#### Problem details:
Output, word for word, every line from the line with "Zustand: 1990er, vintage, gut, leichte" through the final line of the data below.
(Available data begins)
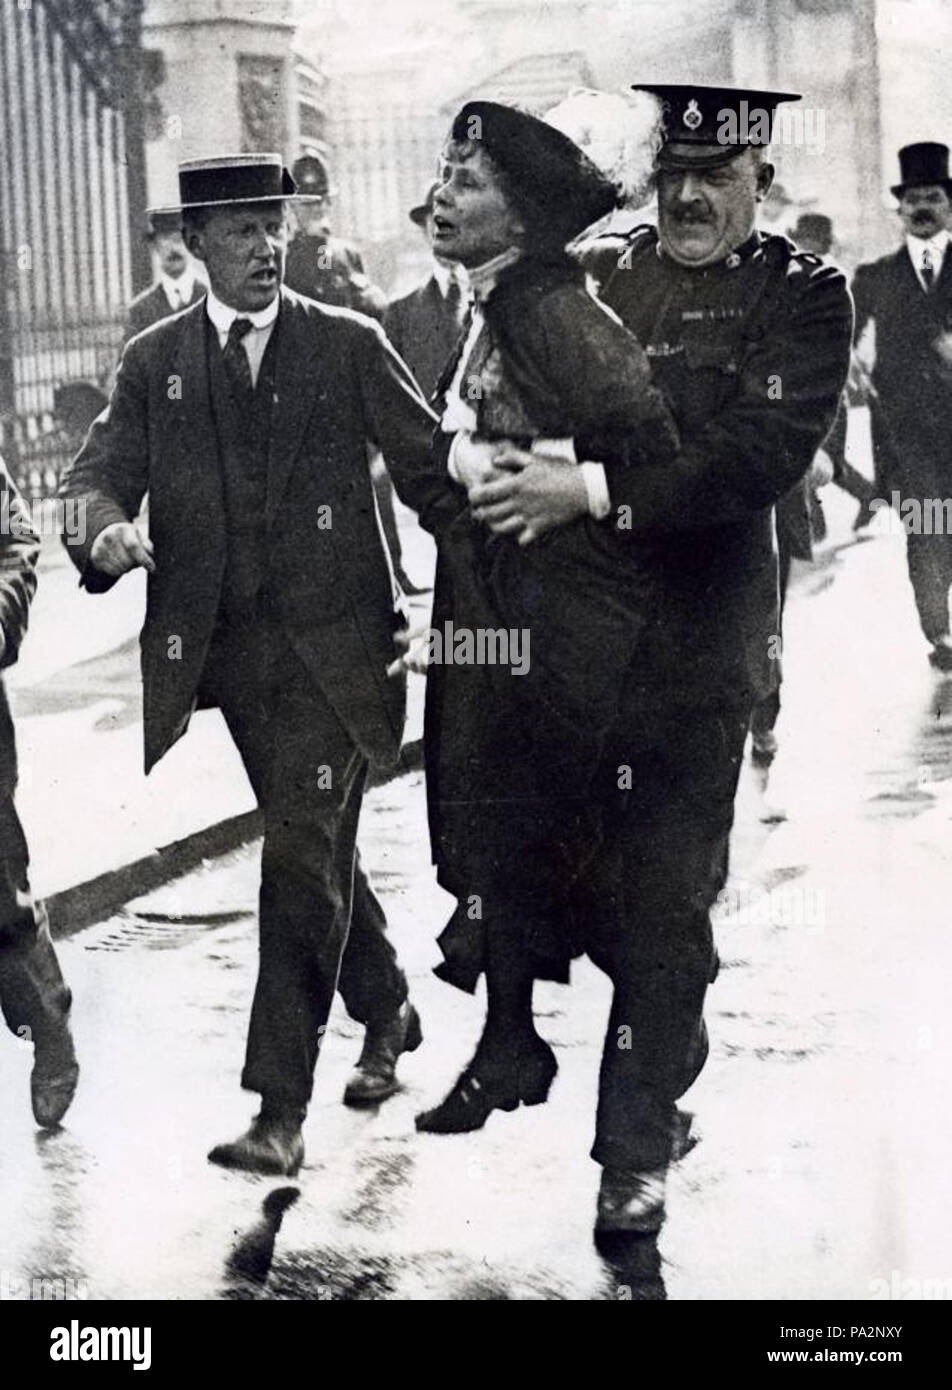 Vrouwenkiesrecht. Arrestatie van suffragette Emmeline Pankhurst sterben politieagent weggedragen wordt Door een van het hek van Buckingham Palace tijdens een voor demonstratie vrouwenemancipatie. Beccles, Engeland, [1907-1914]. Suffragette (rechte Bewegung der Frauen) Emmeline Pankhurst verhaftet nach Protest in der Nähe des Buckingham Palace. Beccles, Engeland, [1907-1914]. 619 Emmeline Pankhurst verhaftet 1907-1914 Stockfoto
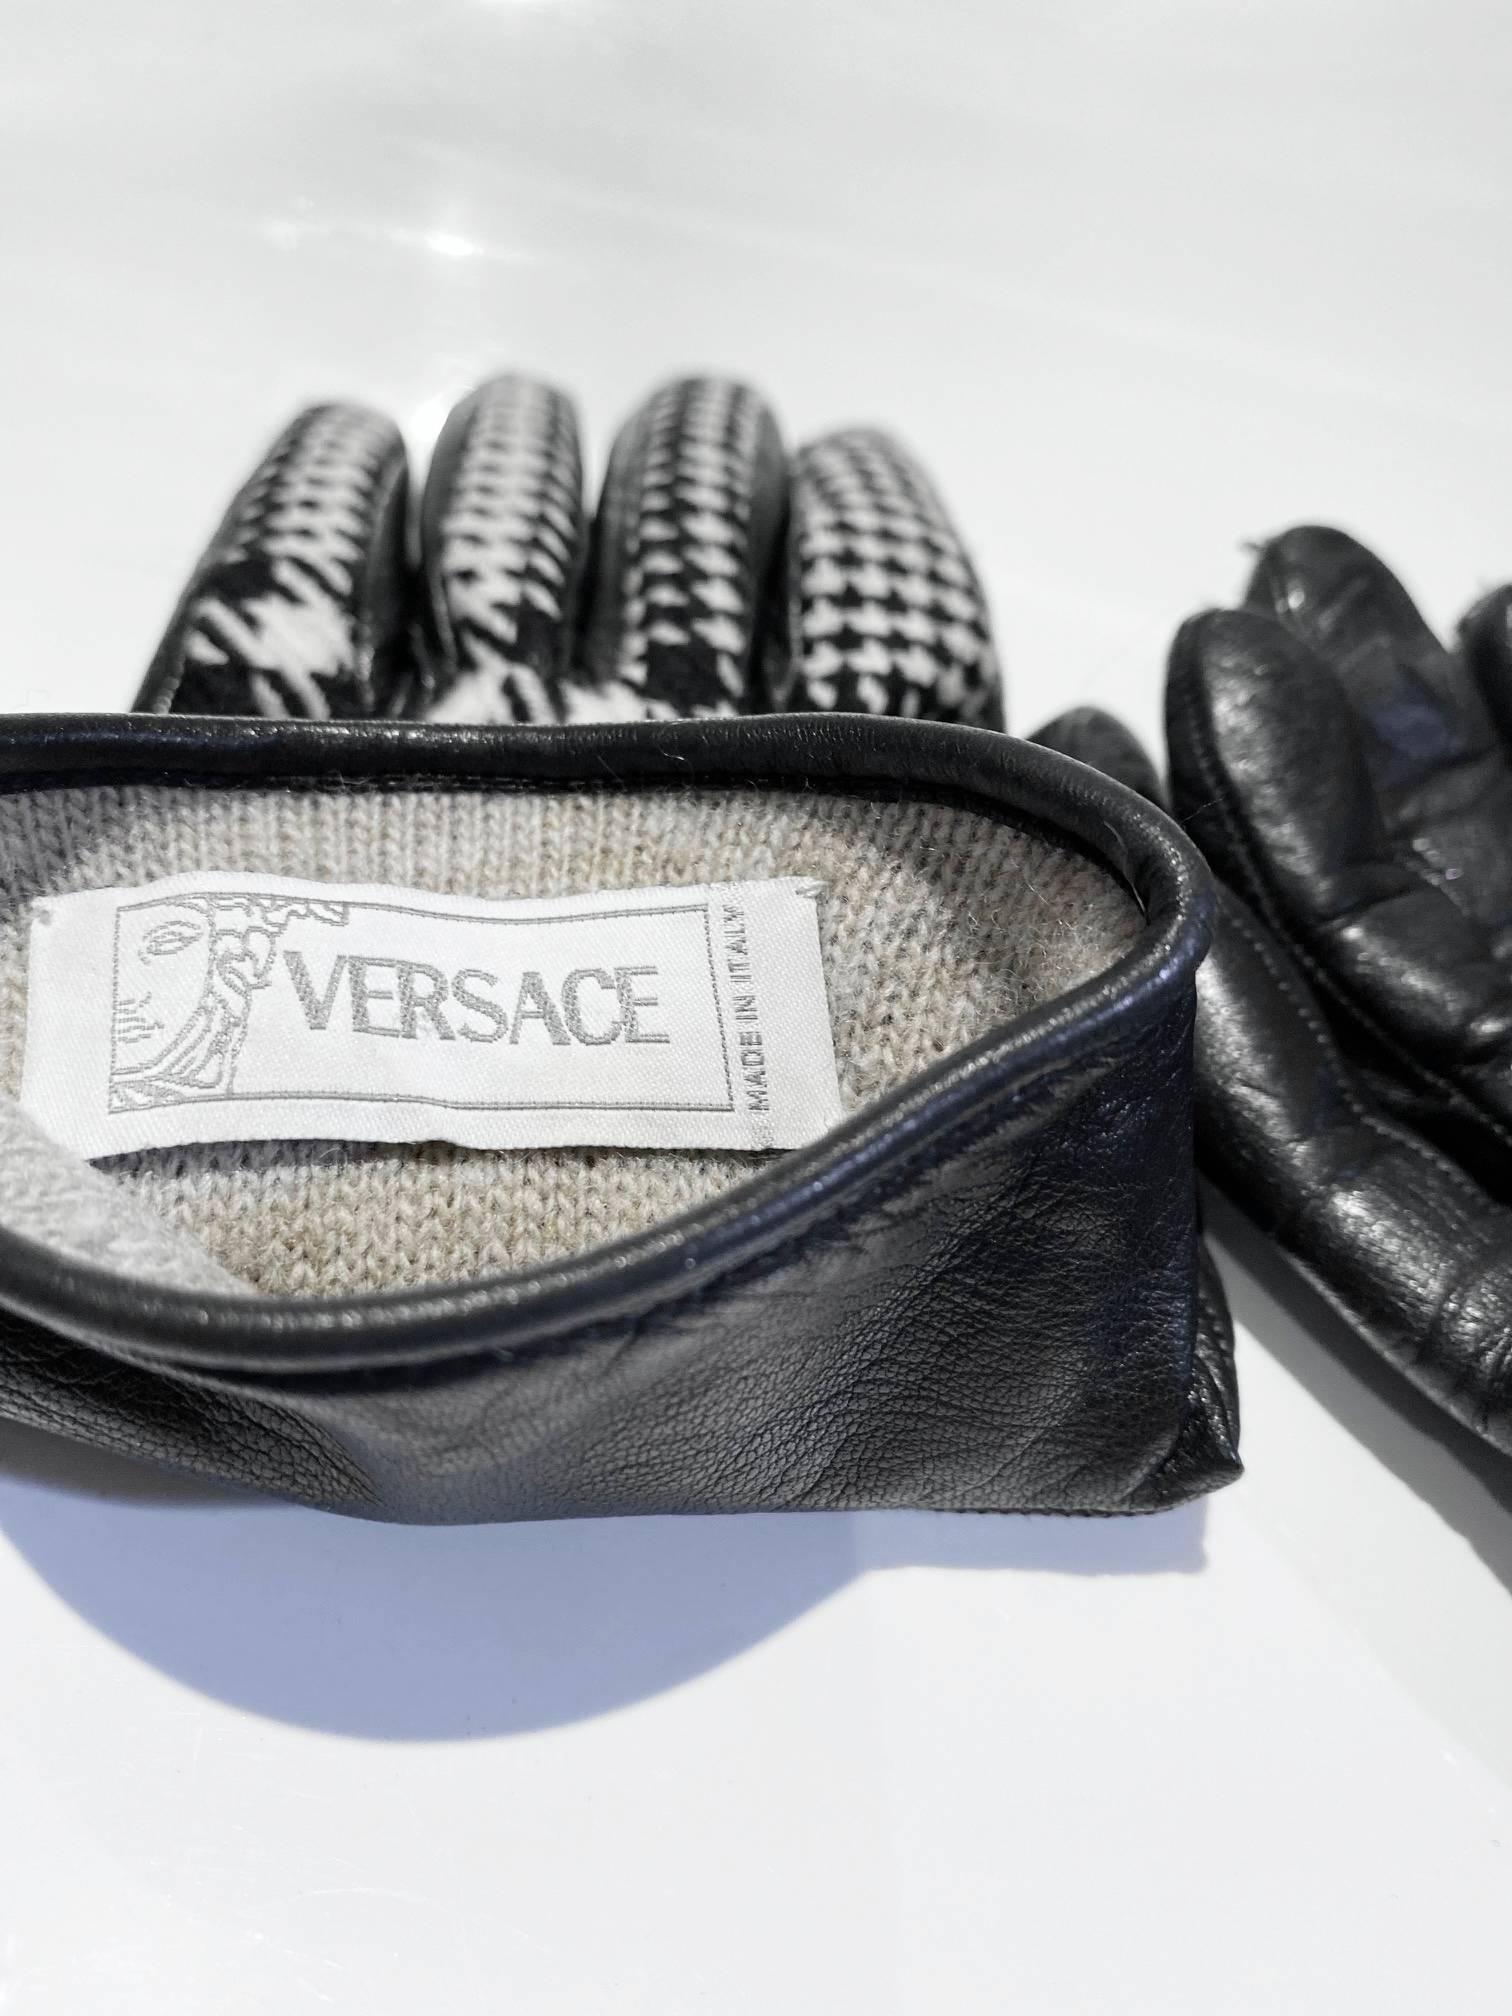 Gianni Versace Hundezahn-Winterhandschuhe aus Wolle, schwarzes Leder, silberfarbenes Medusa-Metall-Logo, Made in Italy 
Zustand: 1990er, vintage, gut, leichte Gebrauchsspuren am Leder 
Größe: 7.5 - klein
(Available data ends)
#### Response to the exercise:
Zustand: 1990er, vintage, gut, leichte Gebrauchsspuren am Leder 
Größe: 7.5 - klein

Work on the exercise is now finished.